# Muse & Rachmaninoff



## chillowack (Jul 16, 2009)

Any *Muse* fans here? Besides being an amazing band in their own right, they've got a classically trained pianist in their ranks, who actually injects parts of *Rachmaninoff*'s concertos into some of the songs.

I remember the first time I heard one of these songs, I thought: man, that really sounds like Rachmaninoff! Then later I discovered it really _was_ Sergei--played note for note by the keyboardist. And it sounded great in the song.

Fantastic stuff; these guys are one of the most talented and enjoyable rock bands around today.


----------



## Weston (Jul 11, 2008)

I'm listening to a few pieces on my Rhapsody account. Not bad! The singer reminds me a little of a group called Gazpacho (a indie-progressive band from Norway) but these guys are more rambunctious.

Of course, I'm pretty old school, so when I hear of someone combining classical with rock, I think of Keith Emerson back in the late 60' - 70's. Glad someone has picked up that torch and will carry it forward.

Thanks for the tip.


----------



## Yoshi (Jul 15, 2009)

Muse are my favourite band ever! I'm so glad to find other fans in here 
Matthew Bellamy is very talented and if you liked to hear him play Rachmaninoff wait till he plays Chopin. Because on their new album they included in one of the songs their own version of Chopin's Nocturne op.9 no.2
Here's a video with their new song United States of Eurasia: 



Enjoy 

Edit: I thought I should add this. They are the best band out there performing live. And I've been in one of their concerts before. Totaly worth it!


----------



## chillowack (Jul 16, 2009)

Hey Weston,

I haven't heard too much of Emerson's stuff, but three classic rock bands I really love, who brought the classical influence into rock, are the Beatles, ELO, and Queen.

Hey Jan,

Thanks for the YouTube link: great song! I love the "Queen" parts (the occasional Queen influence that comes through in their music is another reason I love Muse).

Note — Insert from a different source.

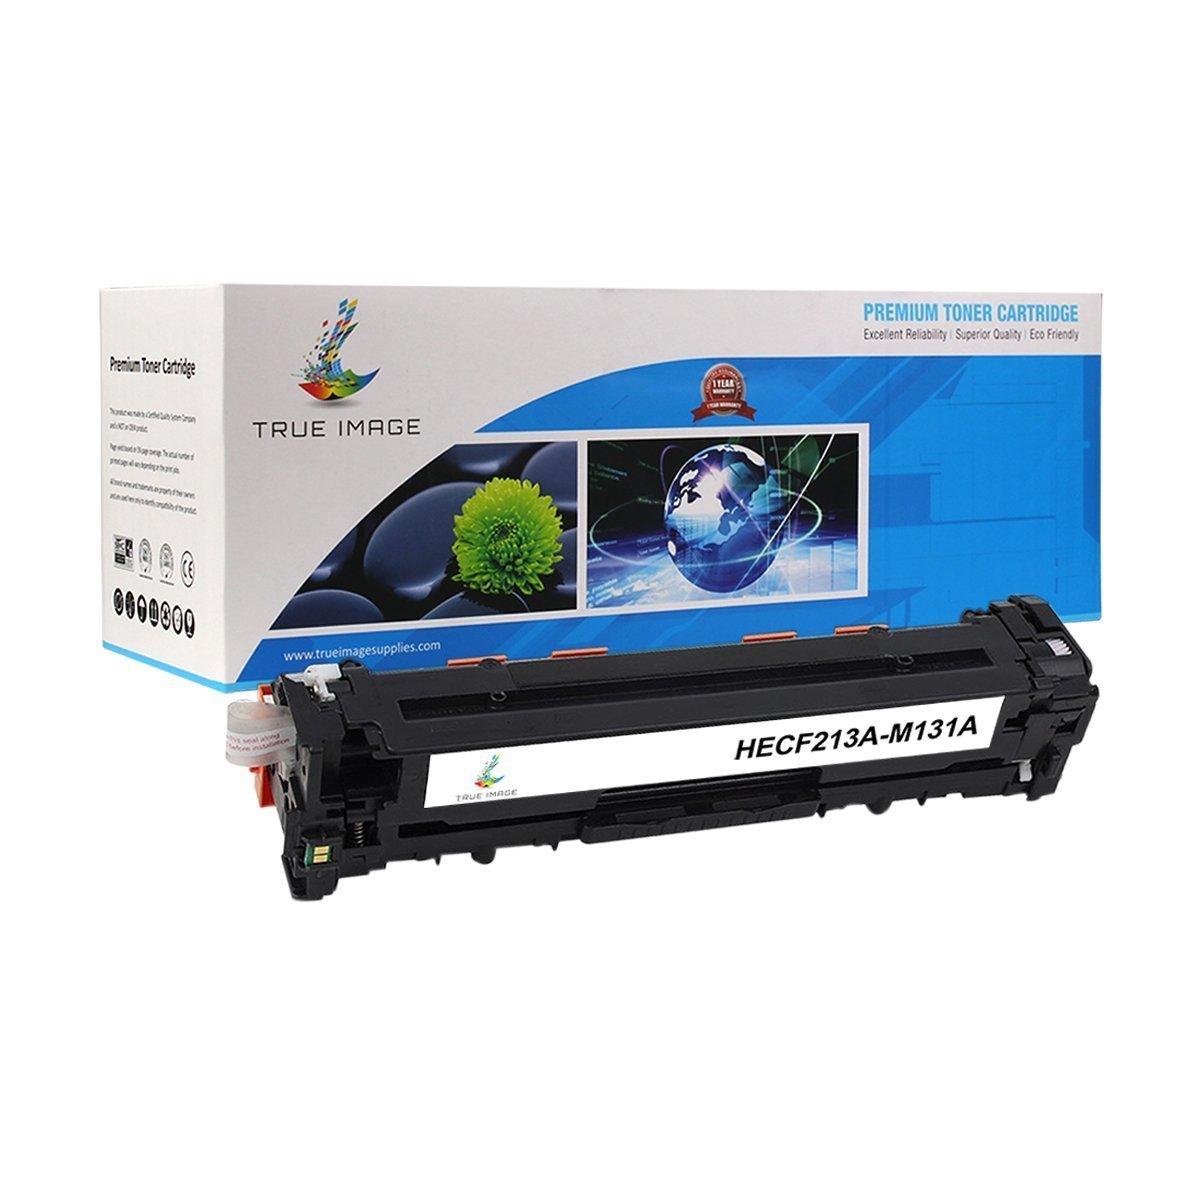 TRUE IMAGE    Đúng như 131 và máy in laser bột màu tương thích thay thế việc áp dụng cho HP LaserJet

And there it is, Chopin's nocturne at the end! That settles it: Muse is the greatest rock band around today! 

I would love to see them live--will watch for them to come to Boston.


----------



## Yoshi (Jul 15, 2009)

chillowack said:


> Hey Weston,
> 
> I haven't heard too much of Emerson's stuff, but three classic rock bands I really love, who brought the classical influence into rock, are the Beatles, ELO, and Queen.
> 
> ...


You're welcome, I'm glad you liked it . Yes I also love the Queen influence. And I have to agree that they really are the greatest rock band around today! I just can't wait till their new album comes out.


----------



## Weston (Jul 11, 2008)

Okay then, here's a sample of a very young early 1970's Emerson, Lake and Palmer doing their treatment of (the not so modest) Mussorgsky's _Pictures at an Exhibition_. It's not for the faint of heart:






Of course the synthesizer was brand new and virtually unheard of back then, so Emerson could do almost any noodling and we loved it. They are all three fine musicians in spite of the coarse sound of the live venue.


----------



## chillowack (Jul 16, 2009)

Cool! 

........


----------



## Zeniyama (Jul 20, 2009)

I enjoy Muse quite alot. I had one of their CDs; I can't recall the name, but I loved it. The only complaint I have is that the singer gasps after every few words, but I don't let that get in the way of my enjoying the music.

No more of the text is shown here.